The latest national climate assessment captures the future impacts of a warming planet more completely than reports that have come before it, UNLV geology professor Matt Lachniet says.

Lachniet studies climate history that extends thousands of years into the past, and what he’s learned from his research can give us an idea of what Nevada is capable of sustaining today, and into the future.

As he puts it, Nevada is moving in only one direction: to a place that will only become hotter and drier.

“There’s nothing that’s going to save us from that,” he said.

But if some changes are made, we can lessen the degree to which that happens, and also stem the loss of our water supply. We caught up with Lachniet to understand what Nevada, and the West, can learn from the Fourth National Climate Assessment.

A major takeaway: We’re really looking at reduced flow of water in the Colorado River — a region that sustains 55 million people. Warmer temperatures are causing less of the snowpack from the Rocky Mountains to make it into the river, and we have less water available.

There’s two reasons why the water levels in Lake Mead are receding: we’re using more than nature is giving us, and nature is giving us less. And the decrease in water flow has a lot to do with rising temperatures. There’s less snowfall in the winter because temperatures are higher. When the Spring season comes, there’s less melting snow that goes into the river.
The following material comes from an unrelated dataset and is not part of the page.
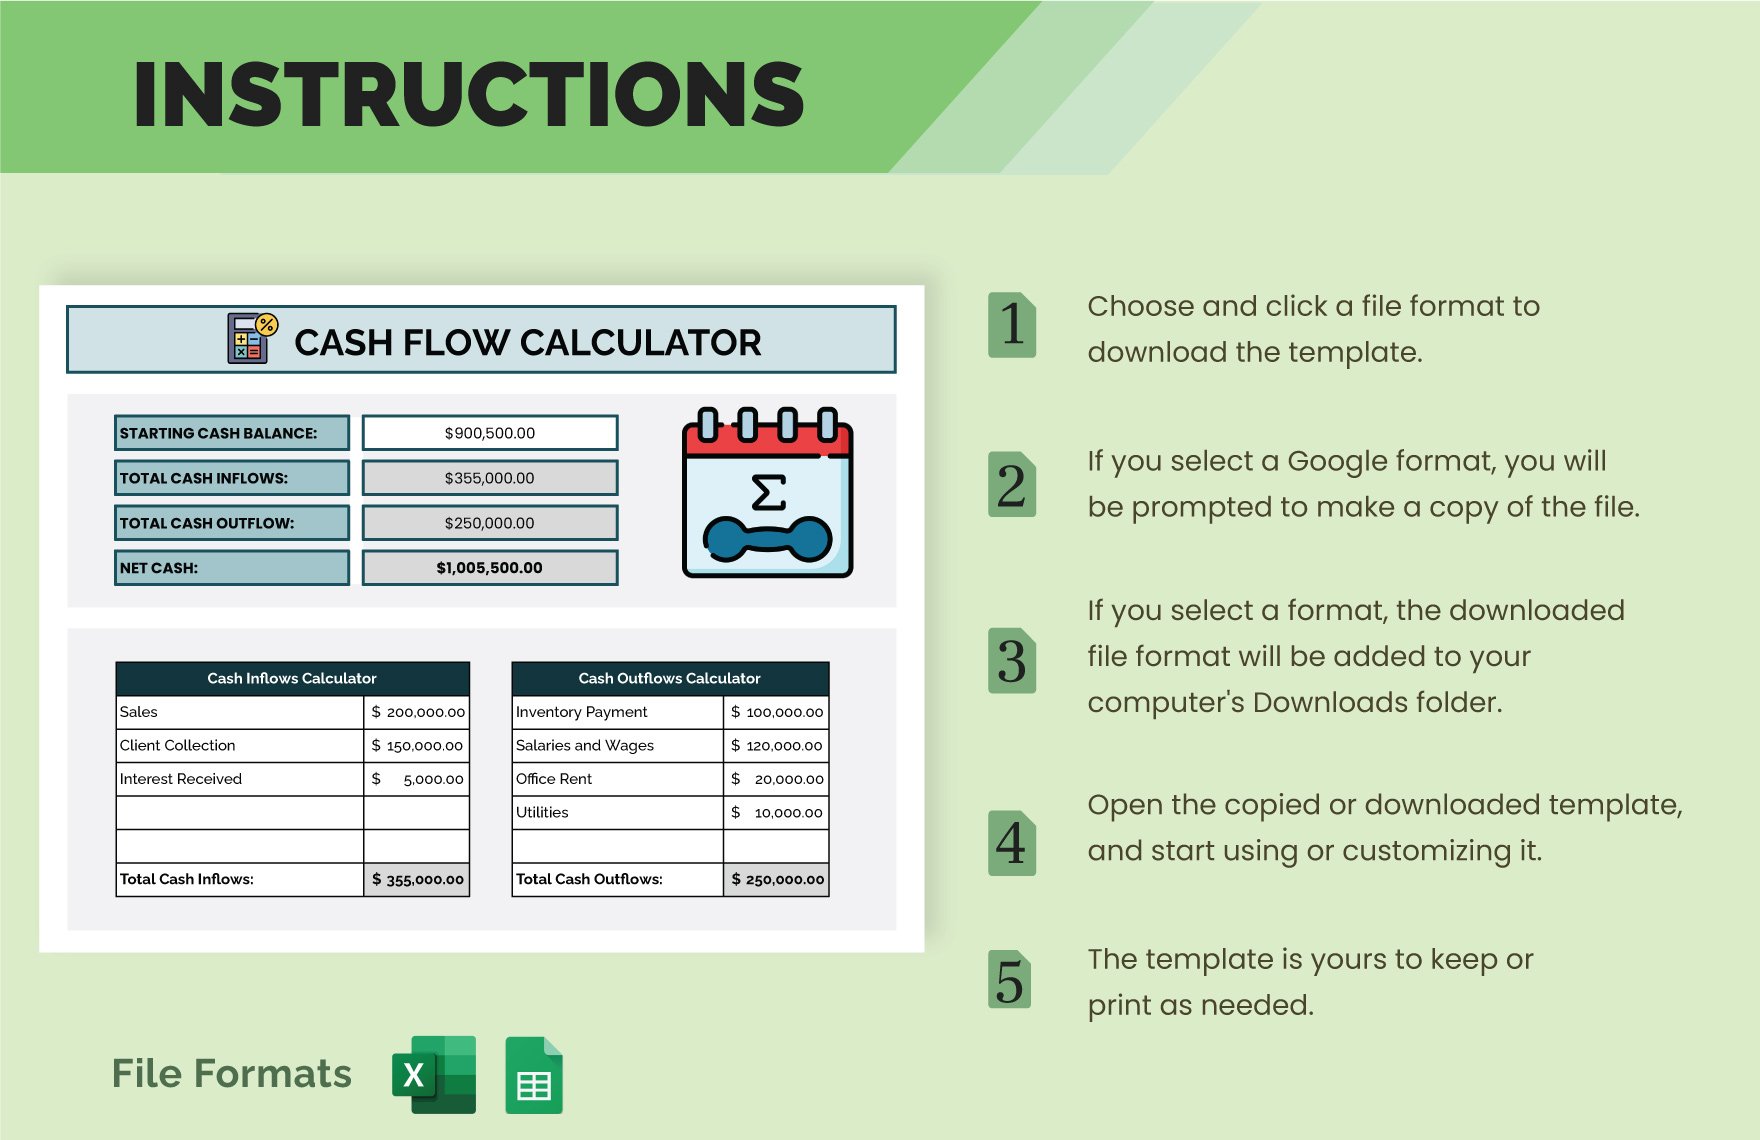 Cash Flow Calculator template

About Lachniet: Lachniet is a climate scientist who focuses on paleoclimatology, which is the study of climate variations over the last few hundred thousand years. His primary focus is speleoclimatology — a field that concentrates on the use of cave deposits to understand past climate variations. Most recently he’s been diving in caves in Central America to bring greater understanding to climate history as it relates to the Maya civilization.